(Reuters) – Losses from lower oil exports should sap up to $300 billion from economies in the Middle East and Central Asia this year, as countries in the region adjust to falling crude prices, the International Monetary Fund said on Wednesday.
Economies that are particularly dependent on oil exports, including Qatar, Iraq, Libya and Saudi Arabia, will be hit hardest by the more than 50 percent decline in petroleum prices, the IMF said in an update to its outlook for the Middle East and Central Asia.
Oil prices are now hovering near six-year lows amid expectations of an abundance of supply tied to unexpectedly high production of U.S. shale crude.
The IMF said, however, that falling crude prices will not translate immediately into major gains for oil importers in the Middle East and Central Asia, which have been hurt by the slowing growth prospects of key trading partners in the euro zone and Russia.
The IMF this week cut its forecasts for global economic growth to 3.5 percent for 2015 compared with an October outlook of 3.8 percent, and significantly lowered projections for oil exporters Russia, Nigeria and Saudi Arabia.
The IMF said nearly every exporting country in the Middle East and Central Asia is expected to run a fiscal deficit this year because of the oil price shock, which prompted the IMF to downgrade the region’s growth prospects by as much as 1 percentage point compared with its October forecasts, to 3.4 percent for 2015.
The losses are likely to reach 21 percentage points of gross domestic product in the countries of the Gulf Cooperation Council, or about $300 billion. In non-GCC countries and in Central Asia, the expected losses are $90 billion and $35 billion this year, the IMF said.
Oil importers will see smaller gains, compared to exporters’ losses, as their economies are less dependent on the price of petroleum, the IMF said.

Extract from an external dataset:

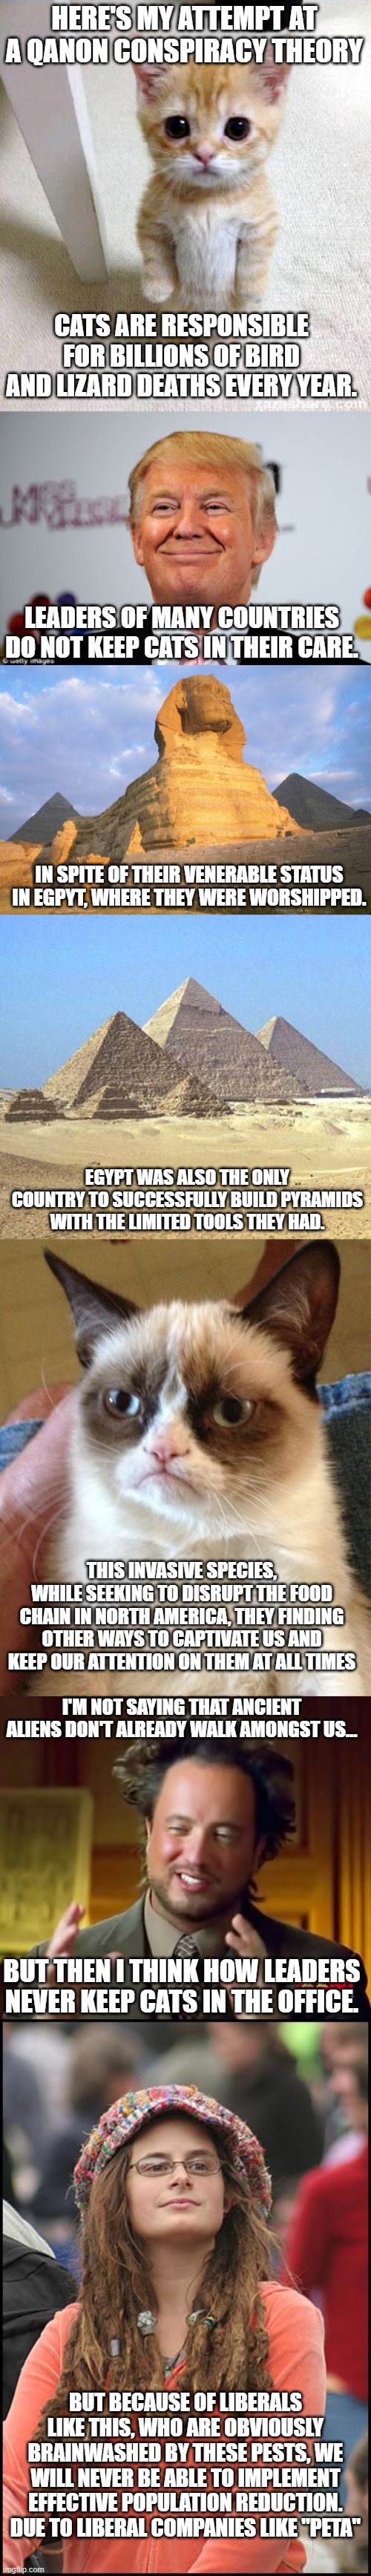 How do you think I did, guys? | HERE'S MY ATTEMPT AT A QANON CONSPIRACY THEORY; CATS ARE RESPONSIBLE FOR BILLIONS OF BIRD AND LIZARD DEATHS EVERY YEAR. LEADERS OF MANY COUNTRIES DO NOT KEEP CATS IN THEIR CARE. IN SPITE OF THEIR VENERABLE STATUS IN EGPYT, WHERE THEY WERE WORSHIPPED. EGYPT WAS ALSO THE ONLY COUNTRY TO SUCCESSFULLY BUILD PYRAMIDS WITH THE LIMITED TOOLS THEY HAD. THIS INVASIVE SPECIES, WHILE SEEKING TO DISRUPT THE FOOD CHAIN IN NORTH AMERICA, THEY FINDING OTHER WAYS TO CAPTIVATE US AND KEEP OUR ATTENTION ON THEM AT ALL TIMES; I'M NOT SAYING THAT ANCIENT ALIENS DON'T ALREADY WALK AMONGST US... BUT THEN I THINK HOW LEADERS NEVER KEEP CATS IN THE OFFICE. BUT BECAUSE OF LIBERALS LIKE THIS, WHO ARE OBVIOUSLY BRAINWASHED BY THESE PESTS, WE WILL NEVER BE ABLE TO IMPLEMENT EFFECTIVE POPULATION REDUCTION. DUE TO LIBERAL COMPANIES LIKE "PETA" | image tagged in memes,cute cat,donald trump approves,sphinx mullet,pyramids,grumpy cat | made w/ Imgflip meme maker

Morocco, Lebanon and Mauritania are expected to gain most from falling crude prices, while Lebanon and Egypt are likely to see improved fiscal balances, the IMF said.
The IMF expects oil-importing countries in the Middle East to save most of the windfall, boosting their current account positions by 1 percentage point of GDP, compared with what the IMF forecast in October.
Central Asian importers should see worse external positions this year, compared with the October forecasts, because of lower demand from Russia and China, the Fund said.